*** Begin section ***

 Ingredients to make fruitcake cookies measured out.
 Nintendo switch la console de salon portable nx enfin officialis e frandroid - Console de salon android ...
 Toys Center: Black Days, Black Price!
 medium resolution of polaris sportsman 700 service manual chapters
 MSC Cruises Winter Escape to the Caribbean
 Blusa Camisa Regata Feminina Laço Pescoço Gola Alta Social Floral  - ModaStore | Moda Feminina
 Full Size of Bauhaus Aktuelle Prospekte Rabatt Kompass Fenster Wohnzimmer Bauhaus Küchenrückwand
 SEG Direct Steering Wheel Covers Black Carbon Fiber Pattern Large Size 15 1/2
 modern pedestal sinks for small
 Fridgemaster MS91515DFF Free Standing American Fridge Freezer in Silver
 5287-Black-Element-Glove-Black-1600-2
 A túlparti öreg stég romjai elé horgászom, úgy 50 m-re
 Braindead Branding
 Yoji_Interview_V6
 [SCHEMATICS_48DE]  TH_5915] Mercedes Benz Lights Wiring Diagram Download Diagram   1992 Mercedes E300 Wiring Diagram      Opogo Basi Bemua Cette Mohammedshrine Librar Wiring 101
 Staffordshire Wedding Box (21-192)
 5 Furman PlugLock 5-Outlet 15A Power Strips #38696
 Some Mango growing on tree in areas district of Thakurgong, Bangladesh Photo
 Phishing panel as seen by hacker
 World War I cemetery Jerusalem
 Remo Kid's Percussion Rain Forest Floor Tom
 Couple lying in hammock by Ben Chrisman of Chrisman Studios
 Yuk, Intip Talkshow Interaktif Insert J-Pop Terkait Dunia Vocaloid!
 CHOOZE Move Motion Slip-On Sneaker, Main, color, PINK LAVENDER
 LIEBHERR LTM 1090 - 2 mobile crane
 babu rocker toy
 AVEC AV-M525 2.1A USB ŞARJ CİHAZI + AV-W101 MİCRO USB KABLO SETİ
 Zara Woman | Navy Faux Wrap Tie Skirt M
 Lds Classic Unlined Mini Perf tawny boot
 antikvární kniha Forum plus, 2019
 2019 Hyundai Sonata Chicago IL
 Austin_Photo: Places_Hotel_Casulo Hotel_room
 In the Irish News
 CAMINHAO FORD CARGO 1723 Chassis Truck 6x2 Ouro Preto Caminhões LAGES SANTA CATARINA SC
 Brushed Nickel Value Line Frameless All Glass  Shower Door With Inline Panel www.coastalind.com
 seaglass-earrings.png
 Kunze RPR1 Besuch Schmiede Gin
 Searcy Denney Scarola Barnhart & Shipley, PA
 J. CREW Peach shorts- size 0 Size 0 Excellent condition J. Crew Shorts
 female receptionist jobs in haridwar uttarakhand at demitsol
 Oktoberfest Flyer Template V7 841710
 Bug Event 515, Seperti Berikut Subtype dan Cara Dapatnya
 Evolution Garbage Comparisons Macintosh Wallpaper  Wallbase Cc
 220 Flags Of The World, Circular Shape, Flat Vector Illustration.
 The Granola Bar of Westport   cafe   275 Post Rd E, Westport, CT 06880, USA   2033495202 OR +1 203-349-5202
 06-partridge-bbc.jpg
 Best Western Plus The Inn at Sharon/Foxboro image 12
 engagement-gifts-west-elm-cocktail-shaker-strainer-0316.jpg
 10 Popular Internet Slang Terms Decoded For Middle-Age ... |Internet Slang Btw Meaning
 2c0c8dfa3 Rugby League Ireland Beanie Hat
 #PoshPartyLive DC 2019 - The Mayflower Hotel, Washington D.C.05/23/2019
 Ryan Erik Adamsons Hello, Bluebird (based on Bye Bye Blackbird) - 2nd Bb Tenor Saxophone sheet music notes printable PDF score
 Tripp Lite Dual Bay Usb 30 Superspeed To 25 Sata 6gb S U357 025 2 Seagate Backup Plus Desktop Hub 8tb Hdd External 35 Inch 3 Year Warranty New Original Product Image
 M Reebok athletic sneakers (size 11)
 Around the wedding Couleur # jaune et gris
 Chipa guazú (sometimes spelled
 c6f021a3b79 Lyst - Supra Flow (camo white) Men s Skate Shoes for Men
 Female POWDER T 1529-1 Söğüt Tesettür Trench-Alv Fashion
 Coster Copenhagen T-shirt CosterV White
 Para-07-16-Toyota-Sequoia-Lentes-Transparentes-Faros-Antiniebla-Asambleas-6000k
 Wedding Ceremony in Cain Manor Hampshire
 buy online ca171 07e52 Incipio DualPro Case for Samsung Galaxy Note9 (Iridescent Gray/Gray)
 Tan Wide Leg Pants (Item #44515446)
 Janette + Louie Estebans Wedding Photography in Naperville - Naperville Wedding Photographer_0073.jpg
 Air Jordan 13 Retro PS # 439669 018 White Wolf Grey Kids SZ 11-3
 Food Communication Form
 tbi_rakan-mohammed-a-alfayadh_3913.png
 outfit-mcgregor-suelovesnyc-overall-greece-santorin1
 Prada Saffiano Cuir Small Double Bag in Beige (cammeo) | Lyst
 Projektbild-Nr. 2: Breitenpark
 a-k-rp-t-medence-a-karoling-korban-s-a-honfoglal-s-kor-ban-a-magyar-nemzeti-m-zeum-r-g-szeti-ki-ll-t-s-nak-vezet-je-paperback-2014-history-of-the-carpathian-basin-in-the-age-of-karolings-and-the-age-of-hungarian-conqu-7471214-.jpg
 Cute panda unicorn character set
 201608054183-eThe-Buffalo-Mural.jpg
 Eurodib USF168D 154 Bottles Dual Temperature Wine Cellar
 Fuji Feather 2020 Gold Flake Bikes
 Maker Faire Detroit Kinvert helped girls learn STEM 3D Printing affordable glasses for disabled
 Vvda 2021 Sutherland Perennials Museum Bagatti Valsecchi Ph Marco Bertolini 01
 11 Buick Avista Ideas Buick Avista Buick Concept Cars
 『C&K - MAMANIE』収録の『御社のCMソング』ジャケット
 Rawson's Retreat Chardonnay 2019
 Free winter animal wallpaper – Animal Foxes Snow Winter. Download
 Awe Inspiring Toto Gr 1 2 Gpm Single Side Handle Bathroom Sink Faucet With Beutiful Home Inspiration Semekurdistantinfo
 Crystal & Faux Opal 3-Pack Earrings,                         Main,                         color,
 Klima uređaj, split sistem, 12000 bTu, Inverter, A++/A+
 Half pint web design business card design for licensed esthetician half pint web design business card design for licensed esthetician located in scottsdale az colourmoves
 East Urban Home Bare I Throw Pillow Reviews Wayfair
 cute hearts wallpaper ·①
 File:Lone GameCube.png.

*** End section ***

Go through the listing above and write out exactly the lines starting with the one holding "SEG Direct Steering" and running through the one holding "antikvární kniha Forum plus, 2019", ends included, and no others.

 SEG Direct Steering Wheel Covers Black Carbon Fiber Pattern Large Size 15 1/2
 modern pedestal sinks for small
 Fridgemaster MS91515DFF Free Standing American Fridge Freezer in Silver
 5287-Black-Element-Glove-Black-1600-2
 A túlparti öreg stég romjai elé horgászom, úgy 50 m-re
 Braindead Branding
 Yoji_Interview_V6
 [SCHEMATICS_48DE]  TH_5915] Mercedes Benz Lights Wiring Diagram Download Diagram   1992 Mercedes E300 Wiring Diagram      Opogo Basi Bemua Cette Mohammedshrine Librar Wiring 101
 Staffordshire Wedding Box (21-192)
 5 Furman PlugLock 5-Outlet 15A Power Strips #38696
 Some Mango growing on tree in areas district of Thakurgong, Bangladesh Photo
 Phishing panel as seen by hacker
 World War I cemetery Jerusalem
 Remo Kid's Percussion Rain Forest Floor Tom
 Couple lying in hammock by Ben Chrisman of Chrisman Studios
 Yuk, Intip Talkshow Interaktif Insert J-Pop Terkait Dunia Vocaloid!
 CHOOZE Move Motion Slip-On Sneaker, Main, color, PINK LAVENDER
 LIEBHERR LTM 1090 - 2 mobile crane
 babu rocker toy
 AVEC AV-M525 2.1A USB ŞARJ CİHAZI + AV-W101 MİCRO USB KABLO SETİ
 Zara Woman | Navy Faux Wrap Tie Skirt M
 Lds Classic Unlined Mini Perf tawny boot
 antikvární kniha Forum plus, 2019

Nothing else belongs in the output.